**WORK REQUIRED**
Leave the pictures out and print, word for word, the lines below from the one with "DYNAMIC ARTIST RELIEF" through the final line.

##### MATERIAL PROVIDED #####

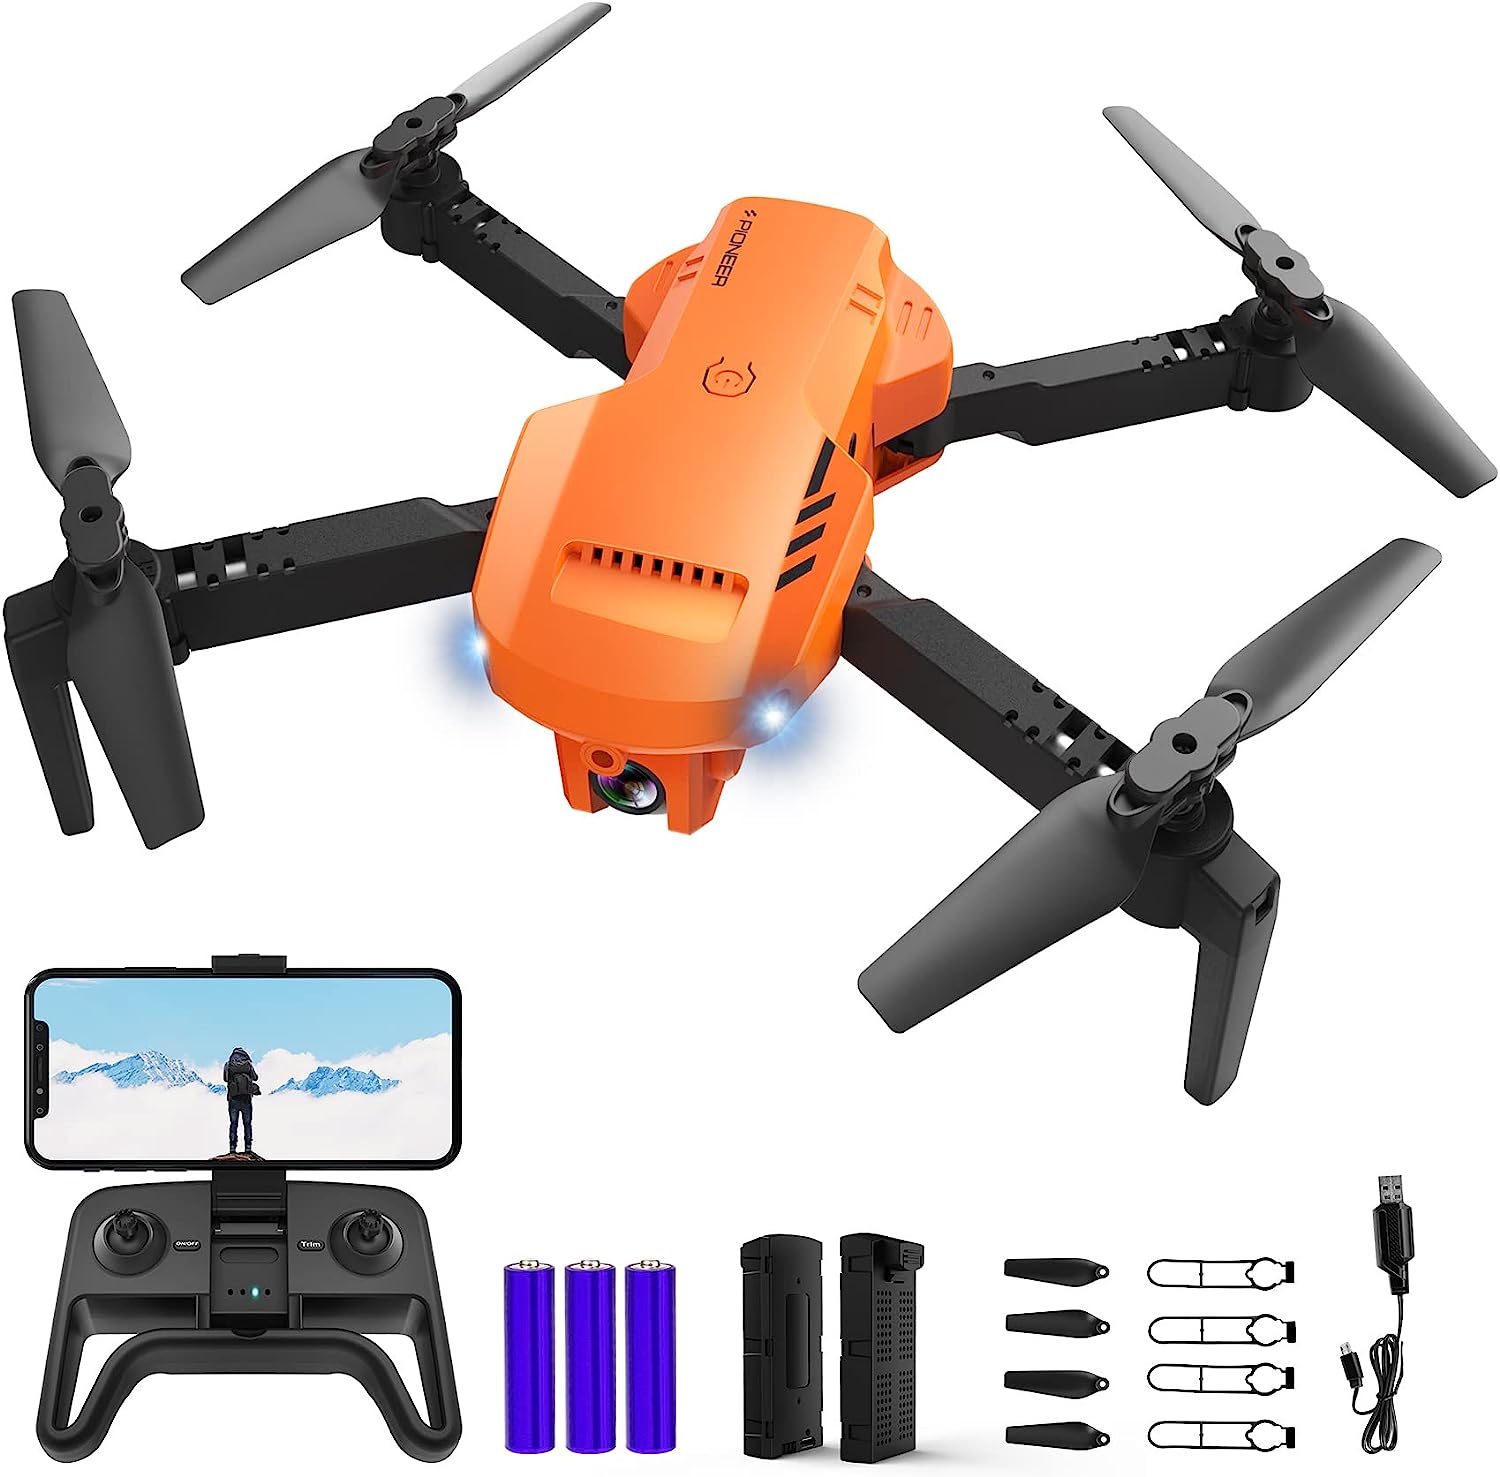 RADCLO Mini Drone with Camera – 1080P HD FPV Foldable Drone with Carrying Scenario, 2 Batteries, 90° Adjustable Lens, One Key Take Off/Land, Altitude Hold, 360° Flip, Toys Gifts for Kids and Adults
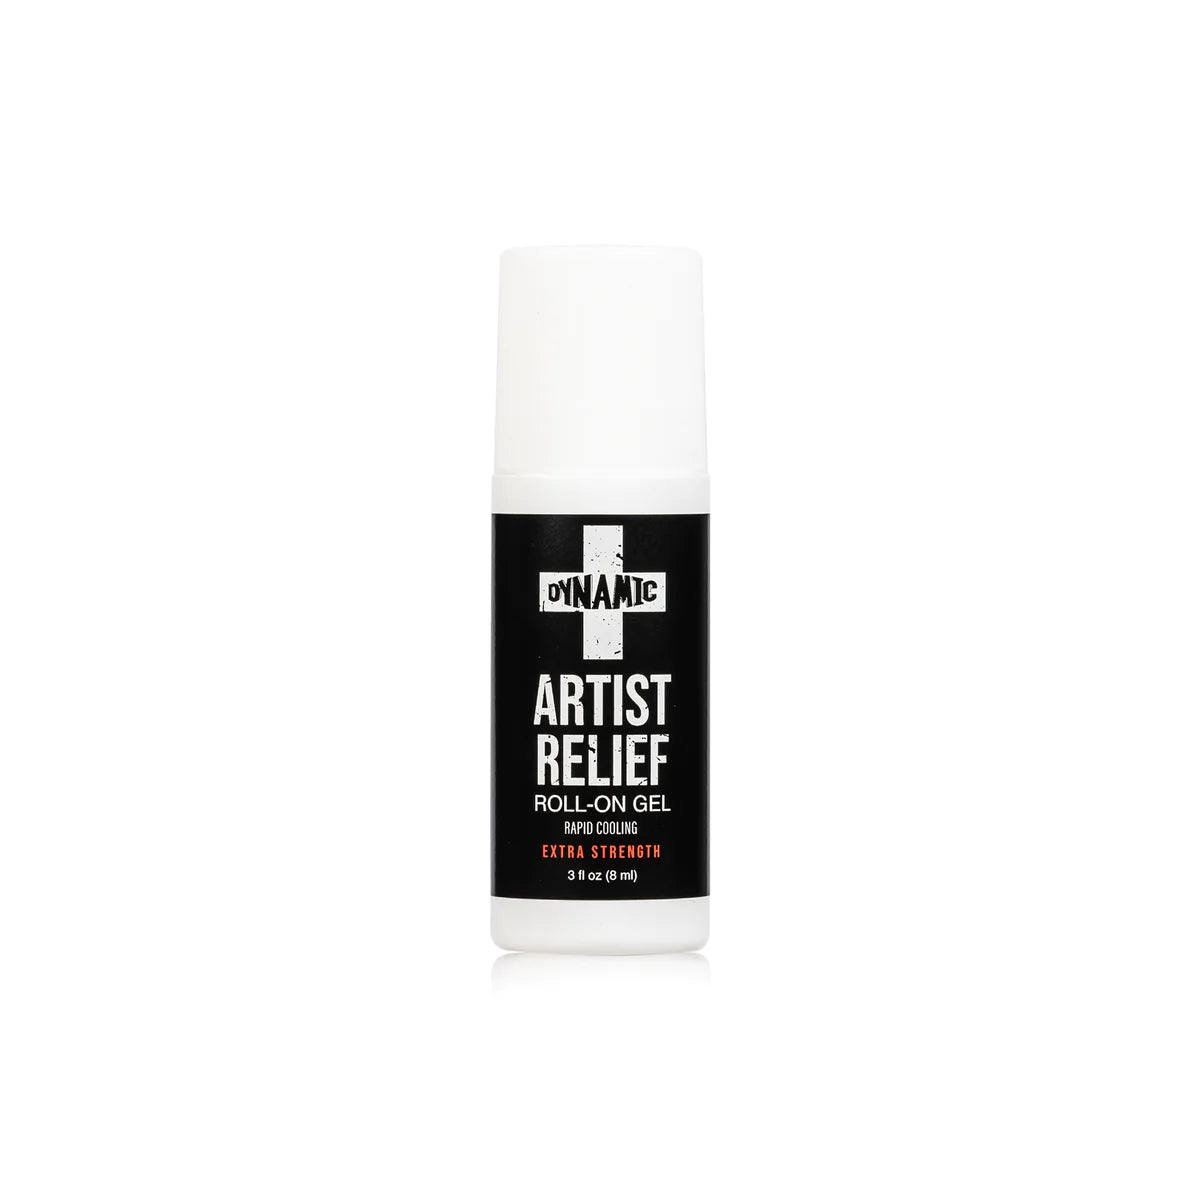 DYNAMIC ARTIST RELIEF COOLING GEL - 4OZ ROLL ON
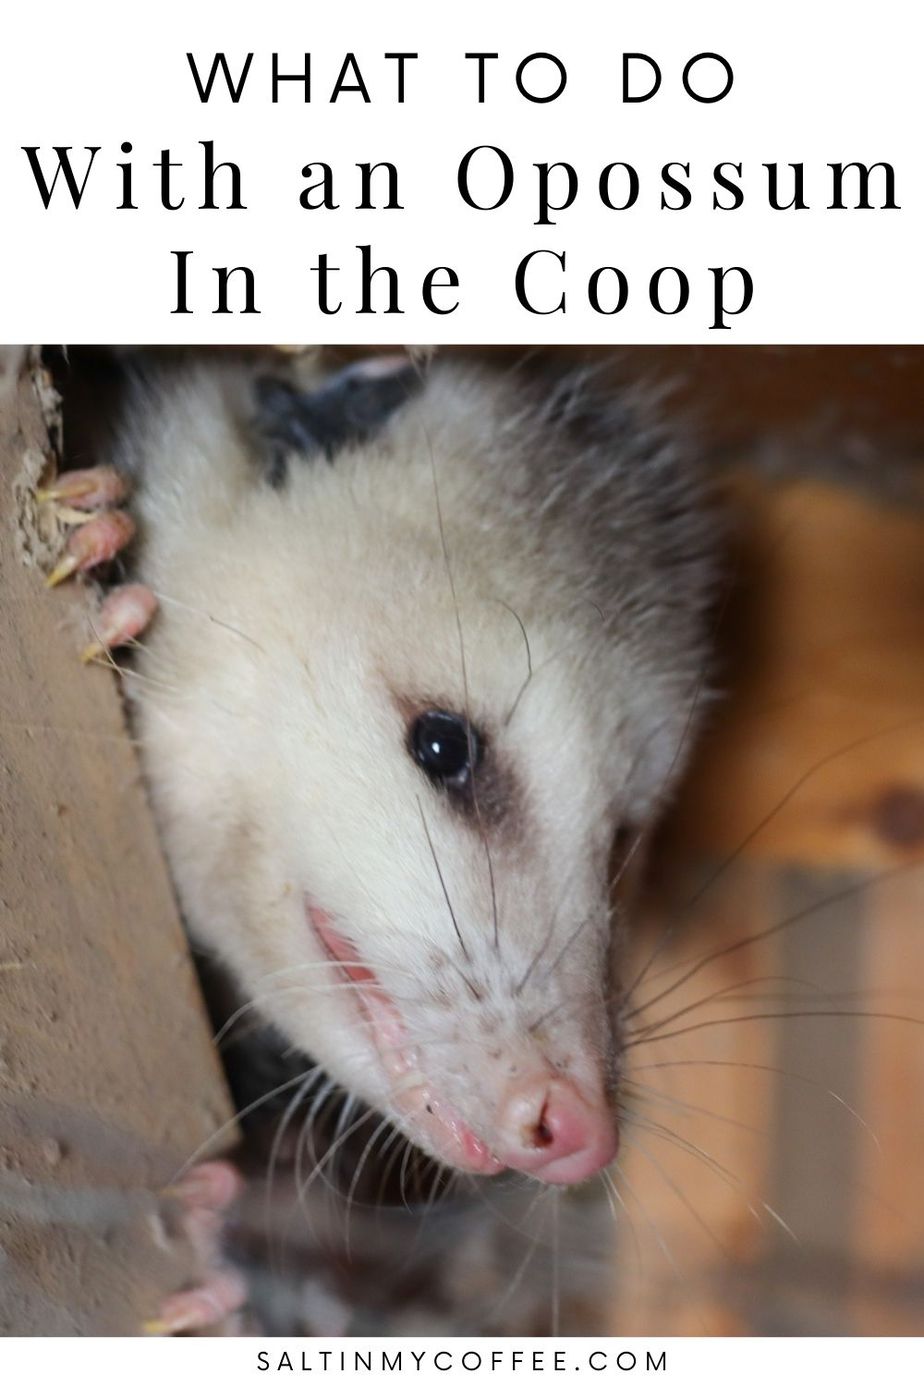 What to do with an opossum in the chicken coop

#####

**RESPONSE TO THIS TASK**
 DYNAMIC ARTIST RELIEF COOLING GEL - 4OZ ROLL ON
 What to do with an opossum in the chicken coop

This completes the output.